If only for equality's sake, we should try to shore up the two-parent
family and not embrace policies that ignore its advantages.
Perhaps it is perverse to hold the
aid caretakers sorely need hostage to our Jan and Kate. Perhaps we
could change our story a little or a lot to make Jan more
sympathetic-merely unlucky rather than heedless-and Kate less so.
They are variations on a theme. But it is important to note that
Alstott's proposal cannot deal with these variations adequately. Like
the unconditional entitlement program, Aid to Families with Dependent
Children (AFDC), that it seeks to replace, Alstott's plan misses the
nuances of behavior upon which ordinary people base their views about
whether help is deserved or undeserved, wisely proffered or best
withheld. It ignores behavioral distinctions that continue to affect
our moral life, inform our judgments, and influence our children's
fate-and our own. As de Tocqueville pointed out long ago, government
programs inexorably collapse these elemental distinctions, if only
for administrative ease-inexorably because the persons in charge have
no vital stake in enforcing the basic rules of conduct upon which
social cohesion depends.
Finally there is the objection, noted
more than once by Alstott herself elsewhere, that incentives are not
behavior. Social scientists argue endlessly about whether AFDC had
significant or measurable effects on out-of-wedlock childbearing or
"irresponsible" reproduction, with neither side clearly winning the
day. If the case against subsidies for parents must prove itself, it
will probably lose. But the argument does not turn on demonstrating
such effects. It is at bottom about fairness to persons who hold
themselves to higher standards or who take seriously the obligation
to strive for self-sufficiency. It is about respecting conventional
rules of behavior, or at least not showing indifference to them under
the guise of being evenhanded and non-judgmental. A willful blindness
toward the moral difference between indulgence and forbearance, born
of a naive optimism about human nature and social judgment, has
fatally undermined support for social-welfare initiatives in the
past. There is no reason to expect a different result here.

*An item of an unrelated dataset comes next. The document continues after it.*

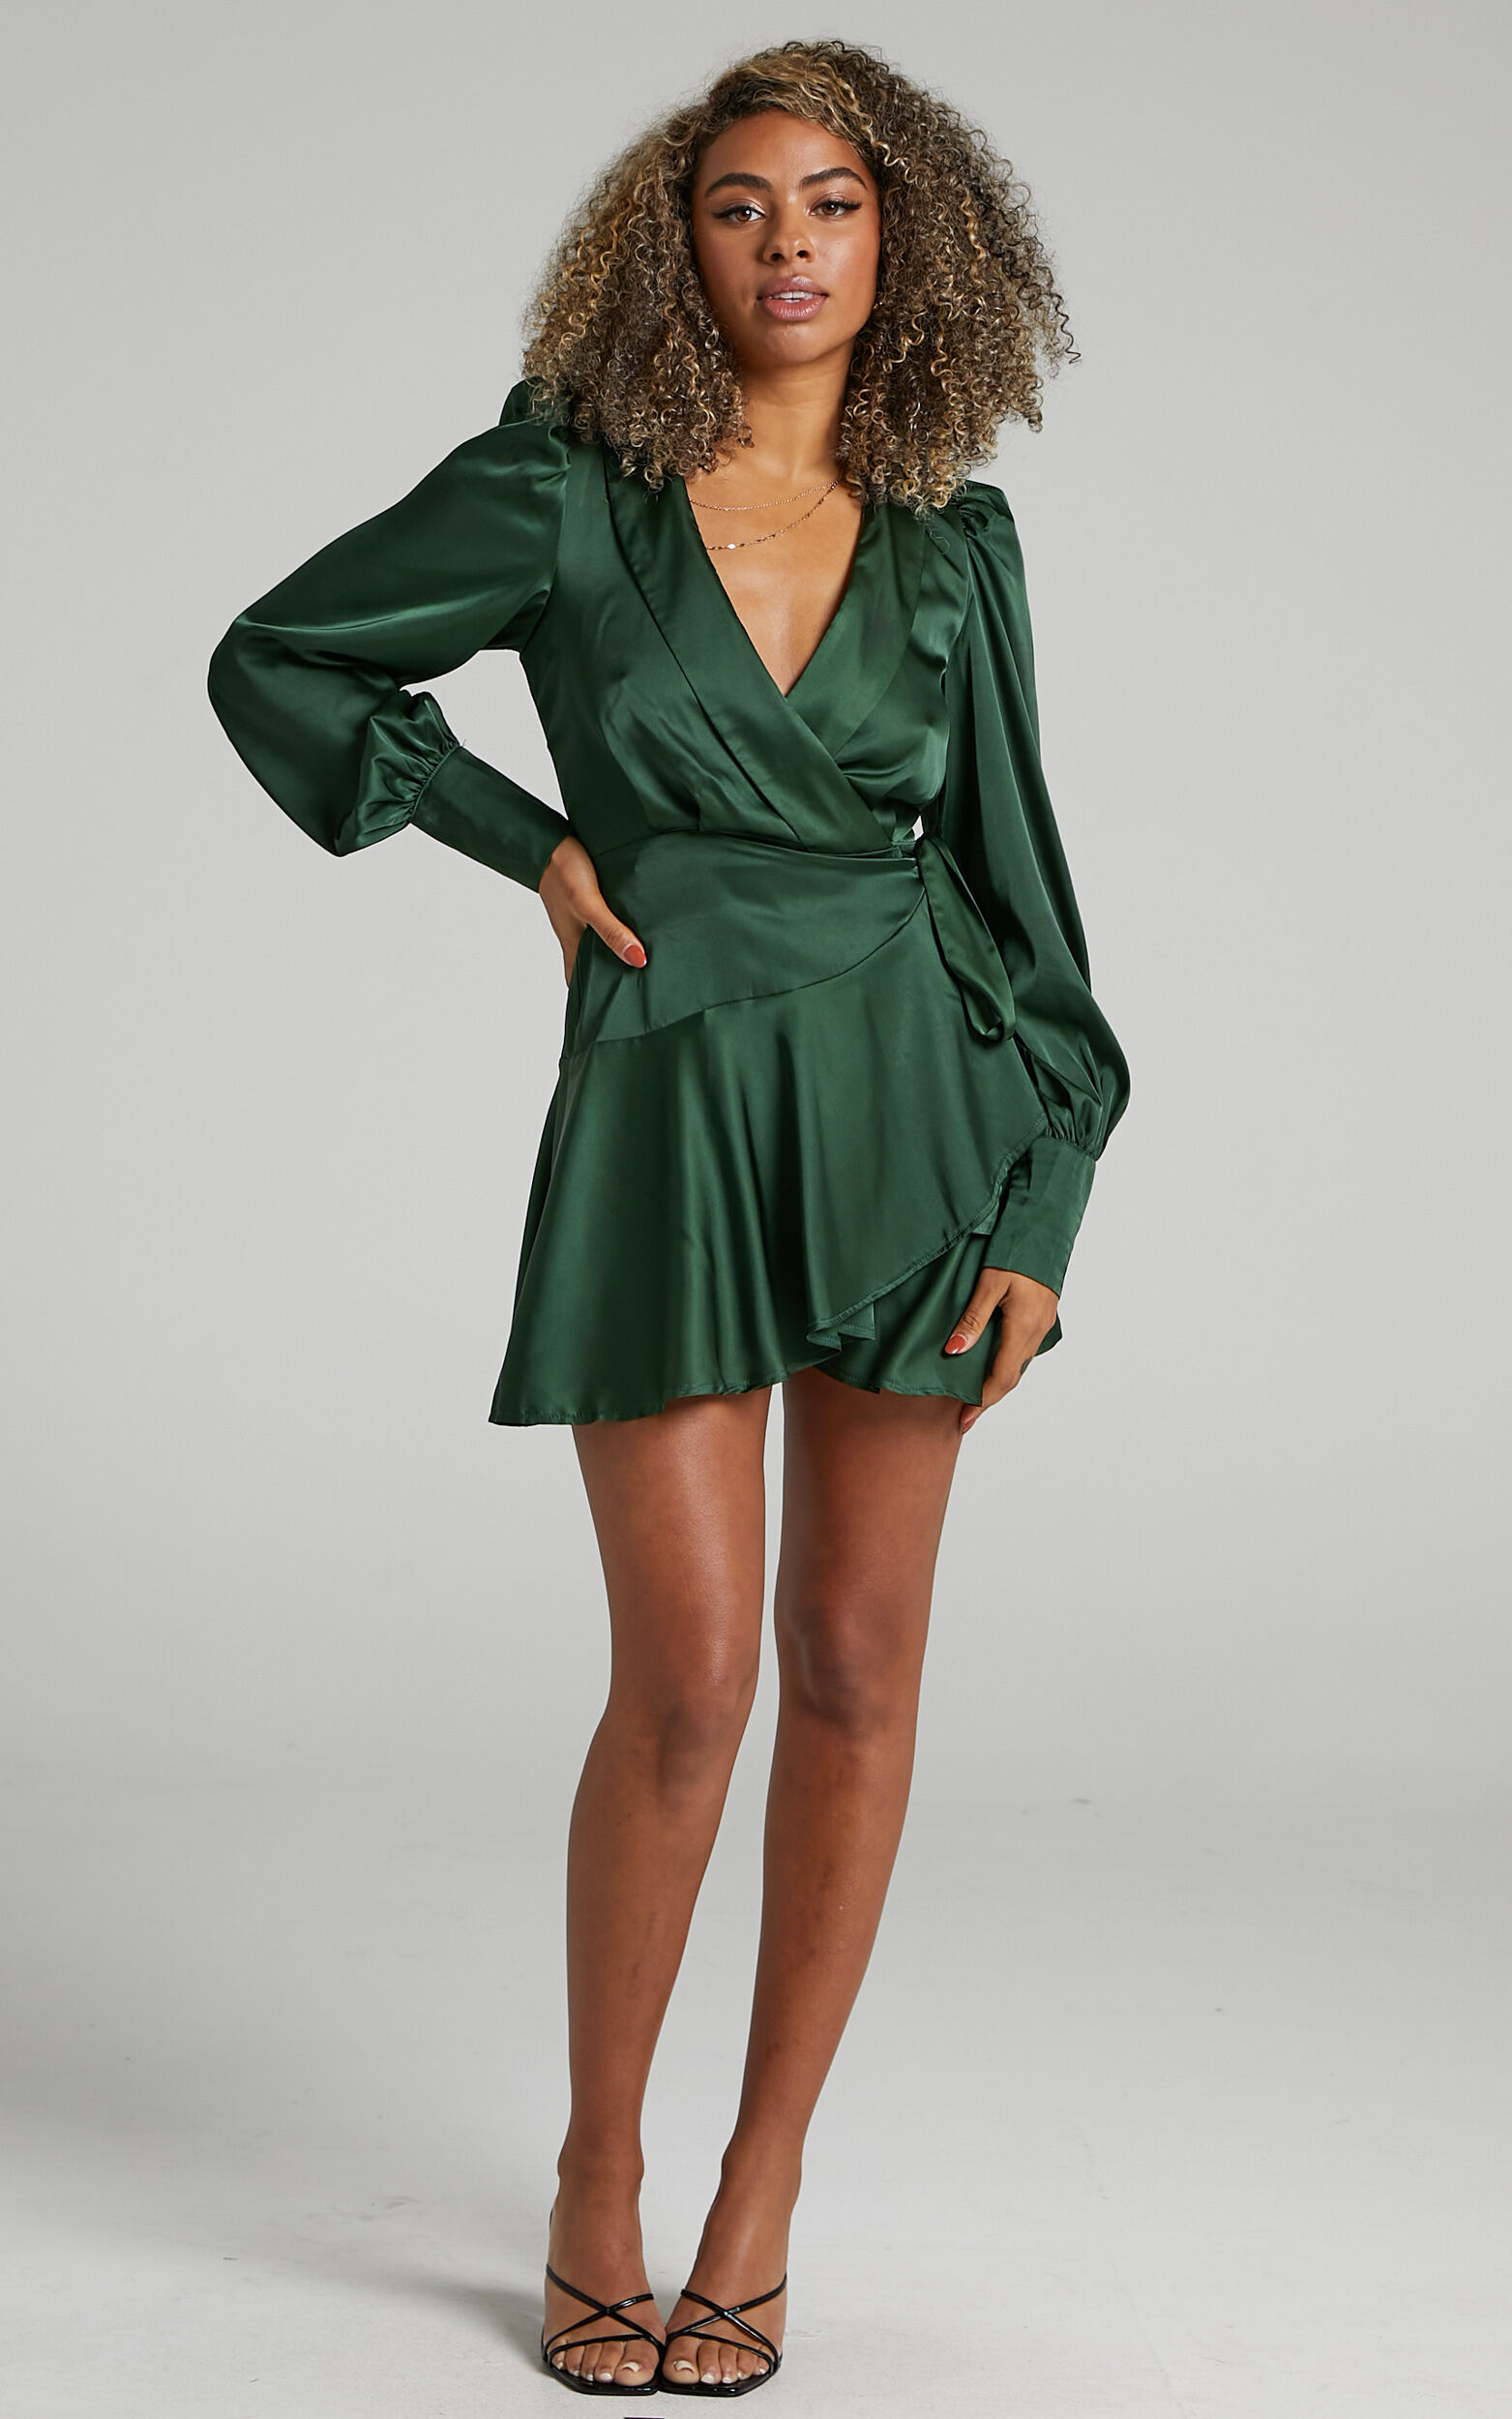 Breeana Wrap Mini Dress in Emerald - 04, GRN3, super-hi-res image number null
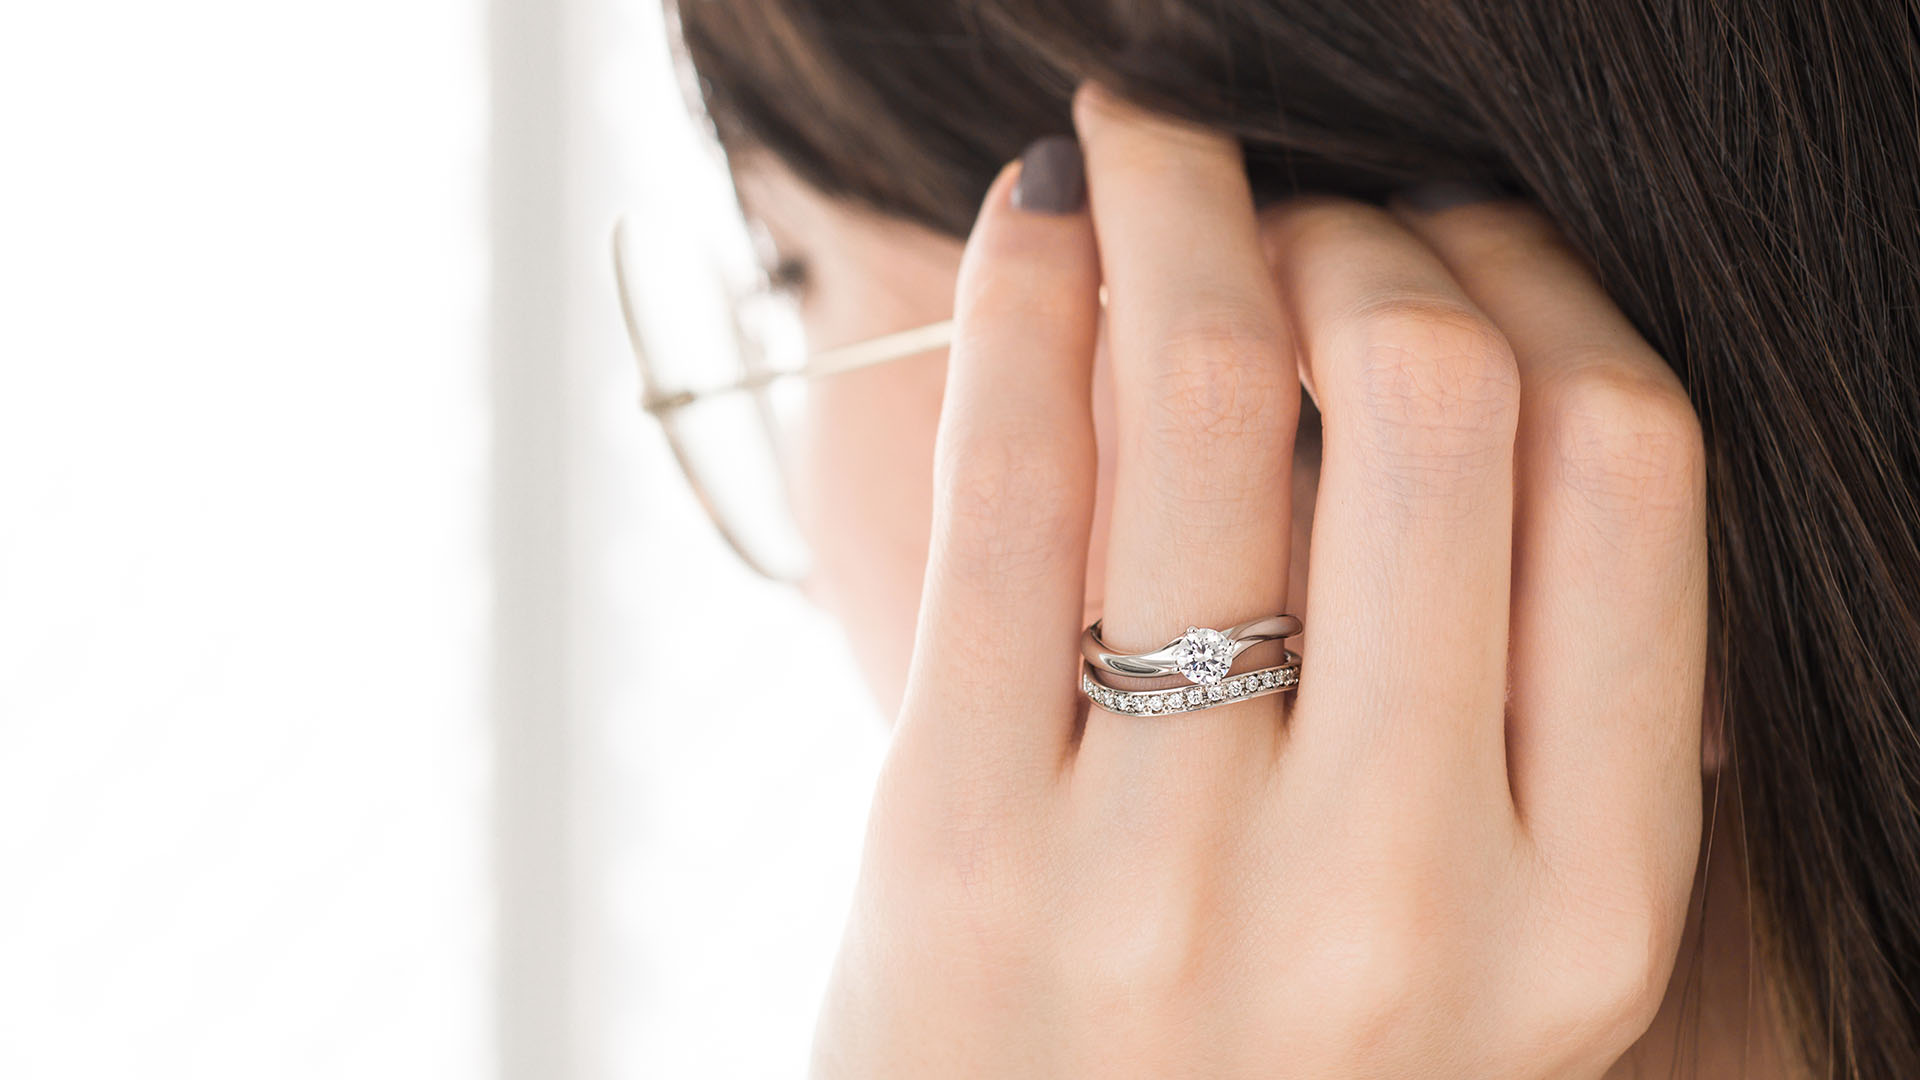 jupiter ジュピター | 婚約指輪サムネイル 3

Although caretakers are under
pressure and many mothers at a disadvantage, softening the impact of
caretaking will always be a tough sell politically. The detriments of
motherhood result from a murky mix of women's inherently weak
bargaining position and their own real preferences. To the extent the
former dominates, we ought to help. To the extent the latter, we are
less inclined to help. Although some degree of collective support for
caretaking can, I believe, be justified, government handouts on the
terms Alstott proposes are not the answer. On the other hand, it is
hard to know what is. Decades of scholarly work on no-fault divorce
suggests that, in an era of disposable marriage, not much can be done
for women who choose to devote themselves to their children. We have,
to a great extent, privatized the family while simultaneously
undermining or discarding the private norms that kept it intact. The
informal mechanisms that guarded mothers' and children's interests
have largely broken down, and our ability to rely on informal social
controls to inhibit imprudent and destructive behaviors is much
diminished. Official devices, blind to nuances, cannot readily take
their place. We have reached the juncture at which the perversities
inherent in cash handouts for caretakers combined with the premium
placed on matrimonial and personal freedom leave us with little
choice but to relegate mothers without partners to private mercy and
self-help.
What is left for government in the
area of work and family is a program of modest interventions on
many fronts. Although I don't share Alstott's unrelenting pessimism
about family-friendly workplace reforms, those are also best developed
through private initiative rather than heavy-handed top-down regulation.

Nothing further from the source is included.